▸ **Data shown**
---
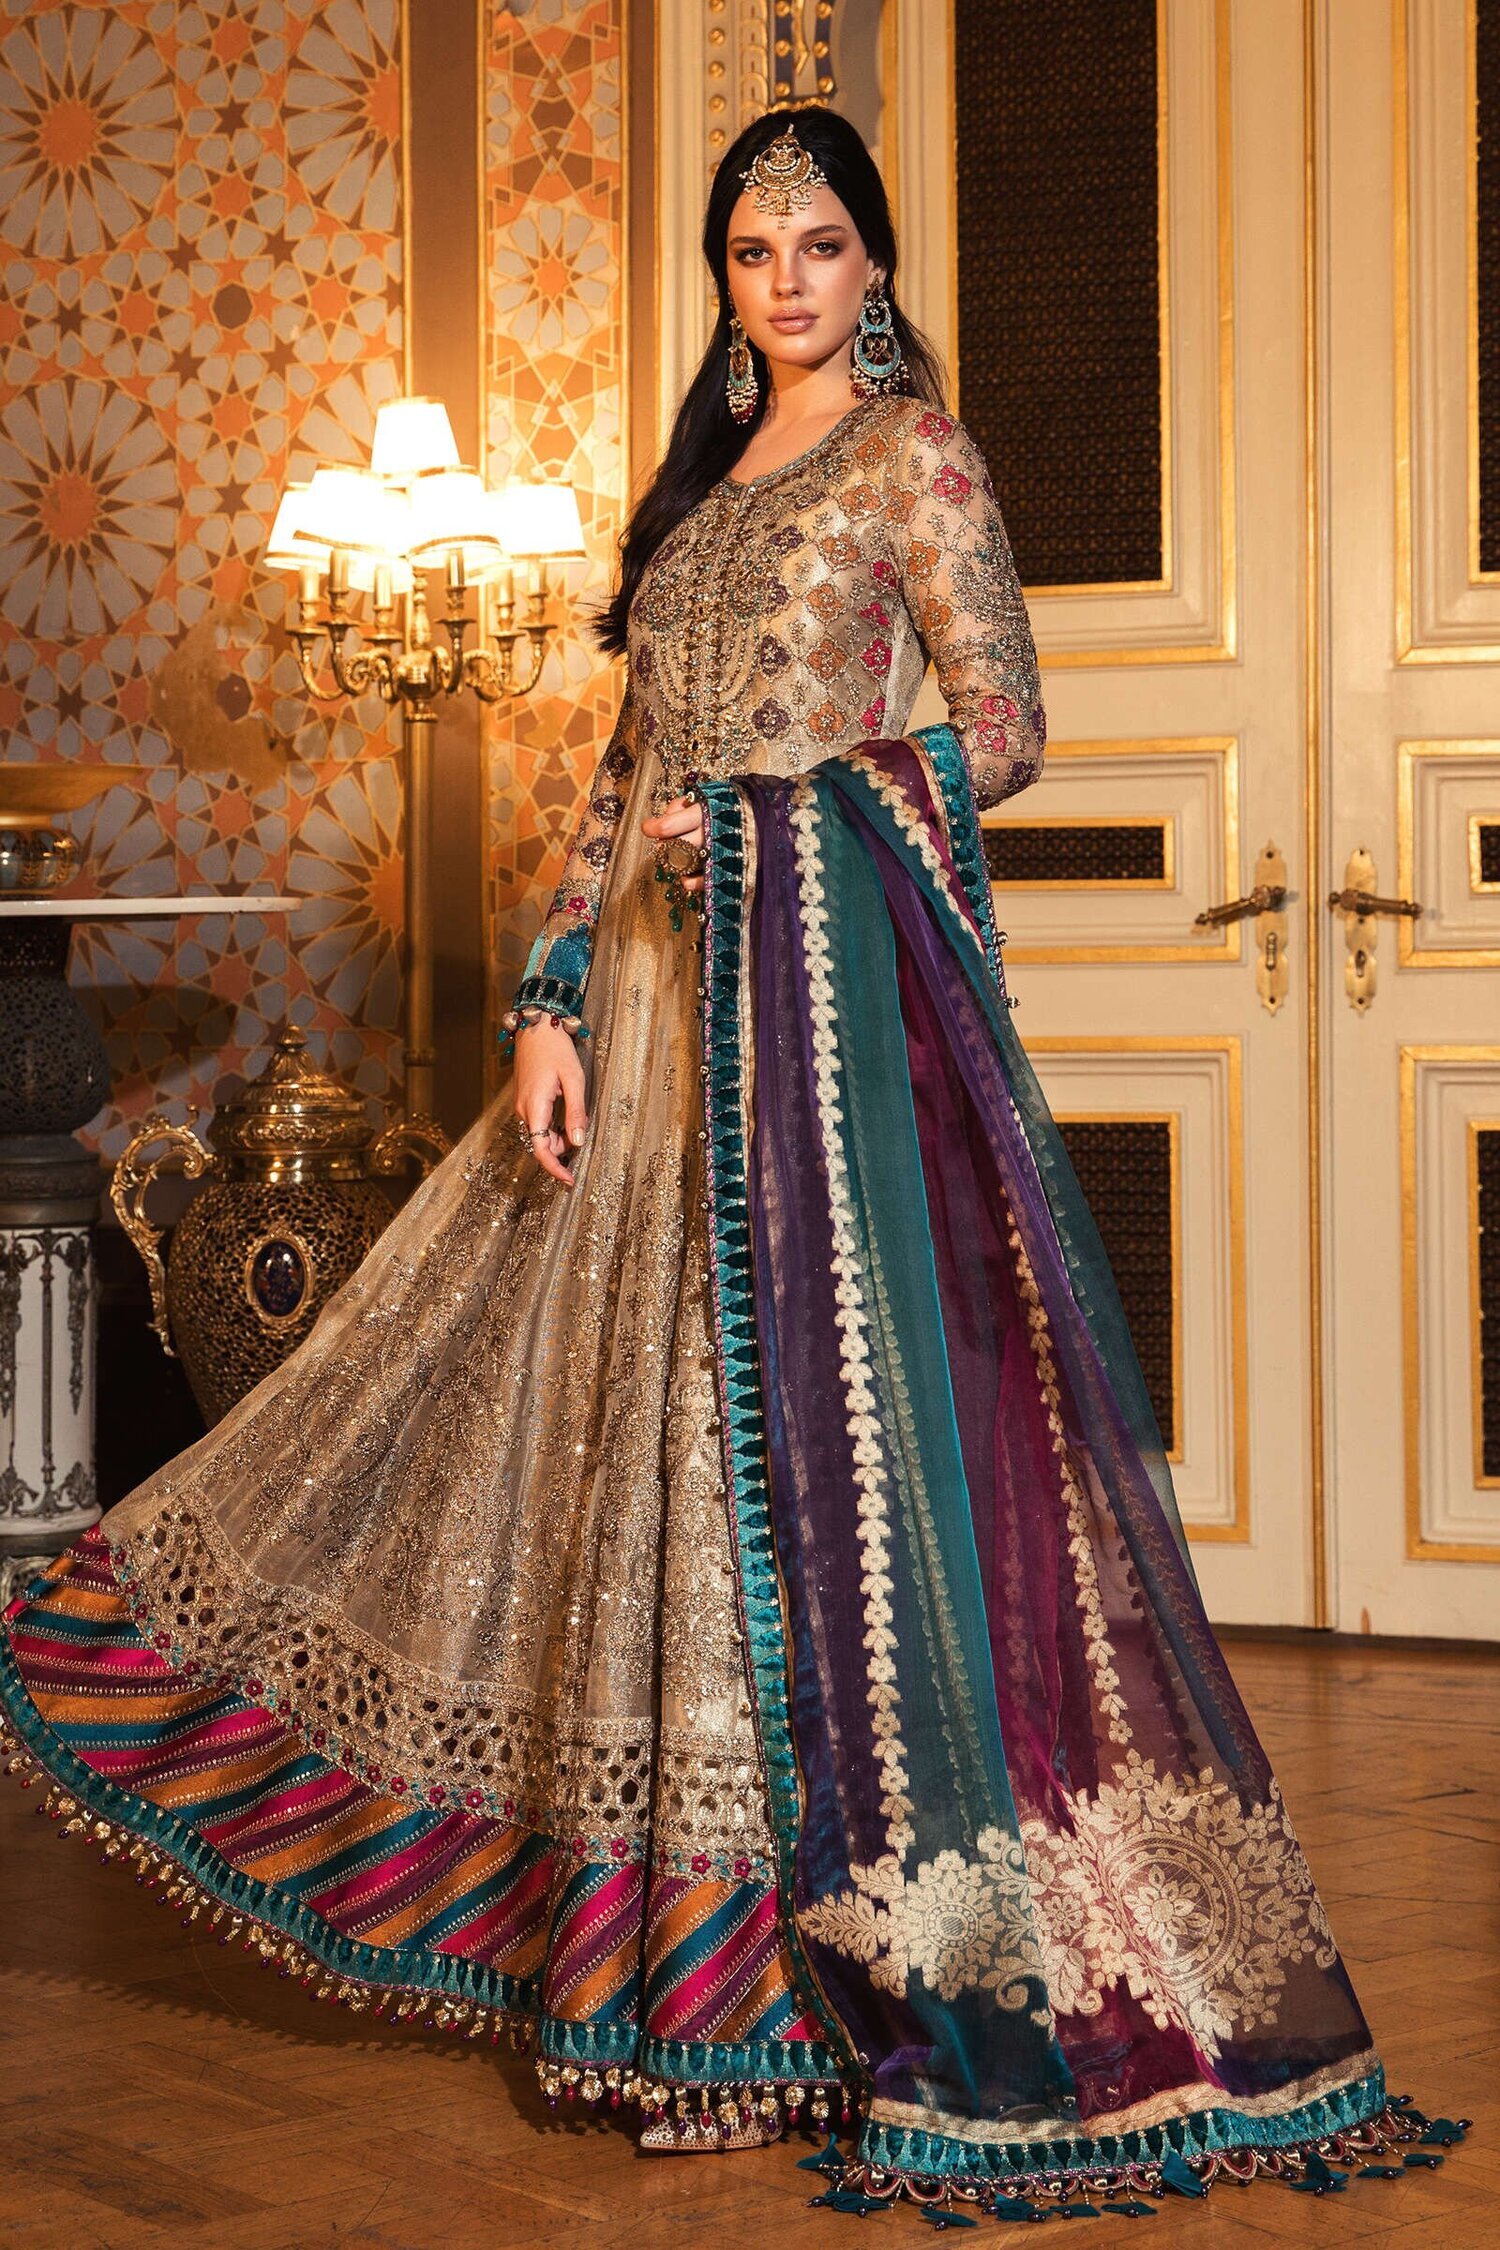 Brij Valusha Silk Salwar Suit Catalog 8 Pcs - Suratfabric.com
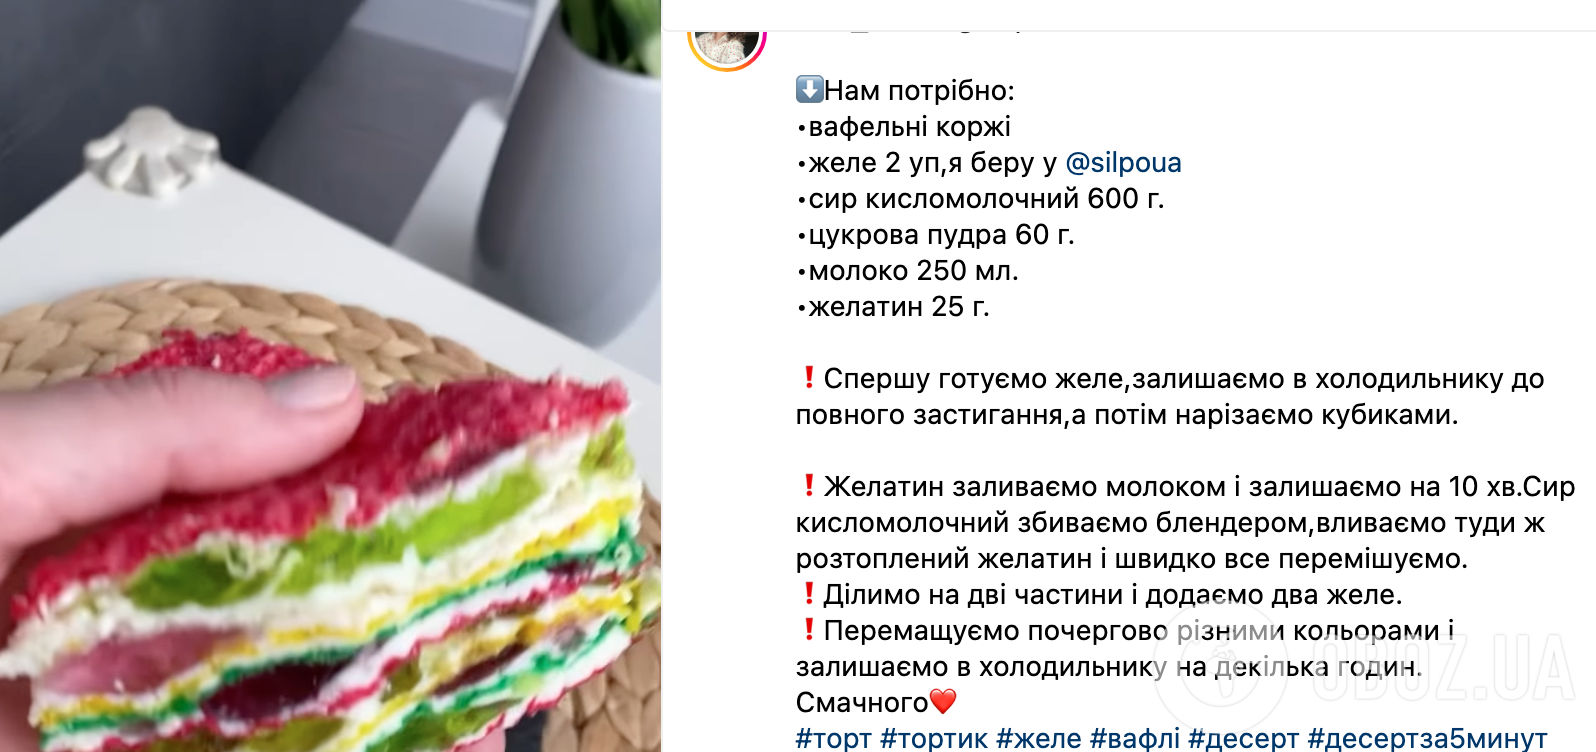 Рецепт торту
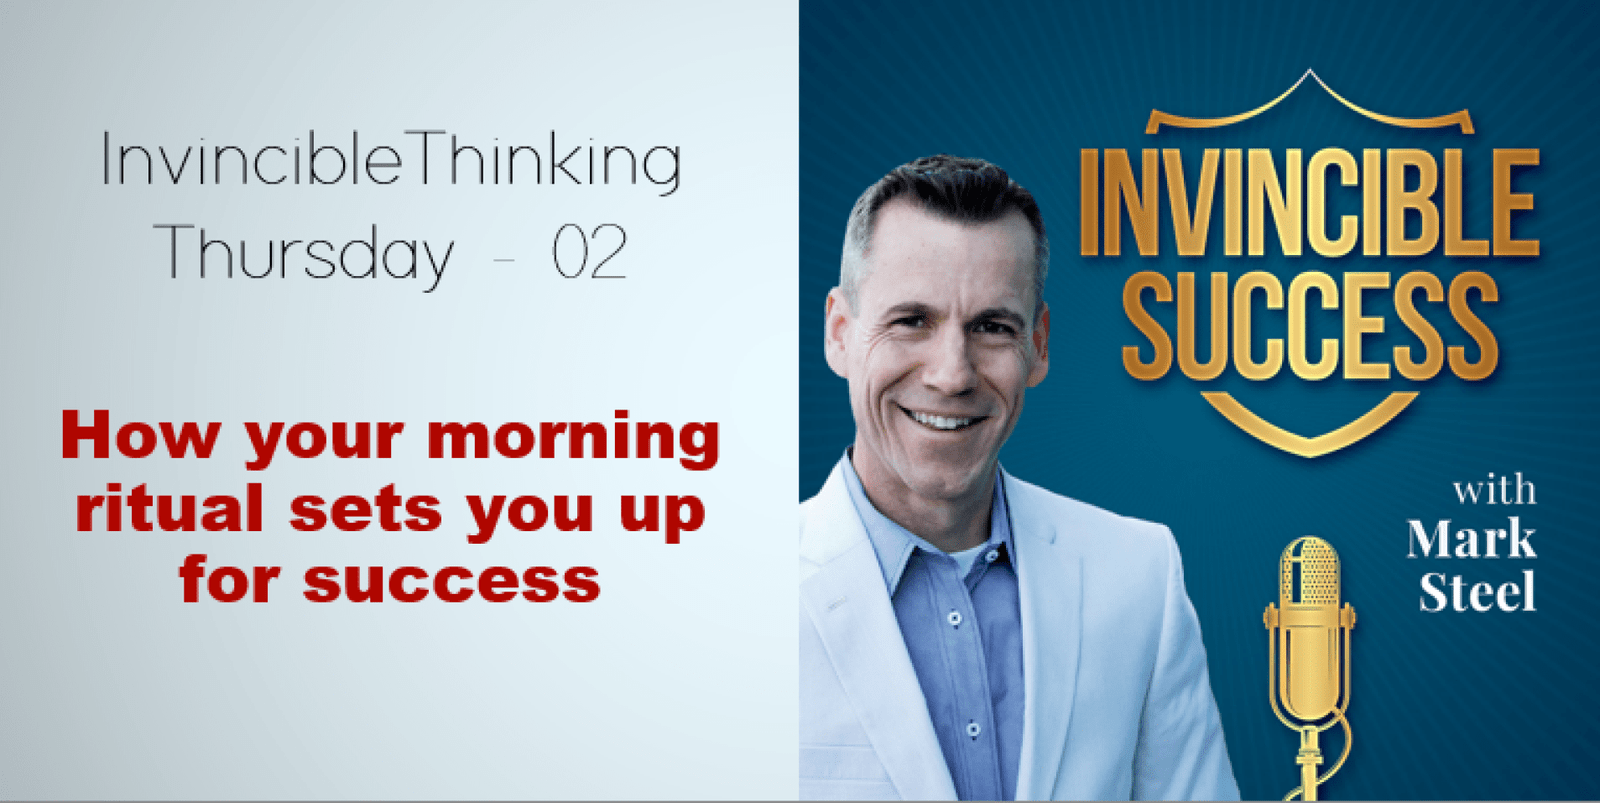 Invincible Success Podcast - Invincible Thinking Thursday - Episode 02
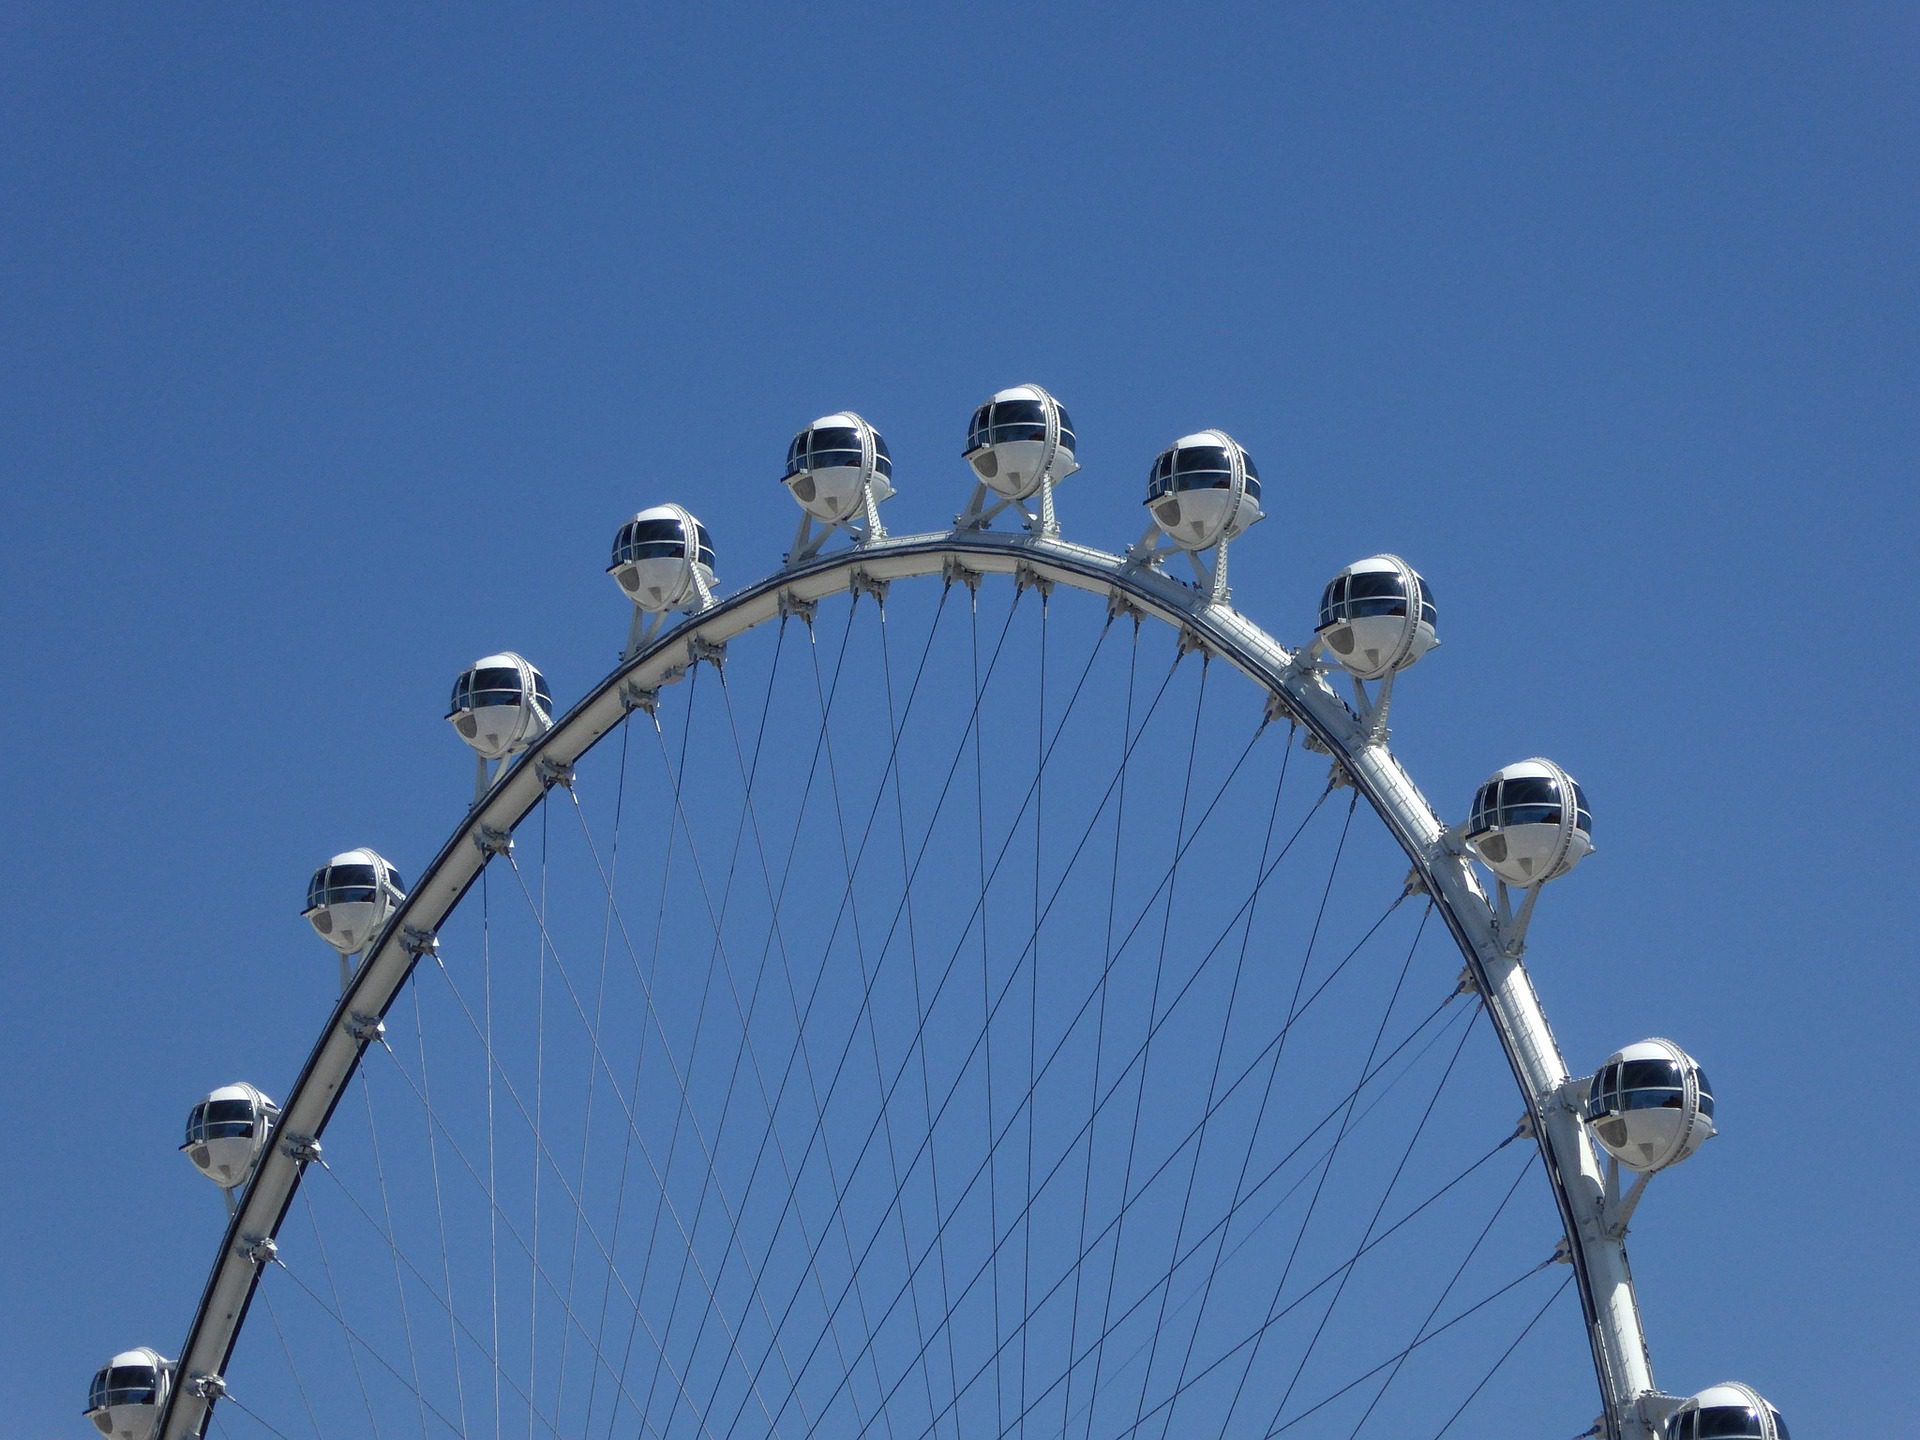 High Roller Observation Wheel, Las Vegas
---
▸ **What you have to do**
Write out each line again, exactly as it appears above, except for any picture.

▸ **Problem solution**
 Brij Valusha Silk Salwar Suit Catalog 8 Pcs - Suratfabric.com
 Рецепт торту
 Invincible Success Podcast - Invincible Thinking Thursday - Episode 02
 High Roller Observation Wheel, Las Vegas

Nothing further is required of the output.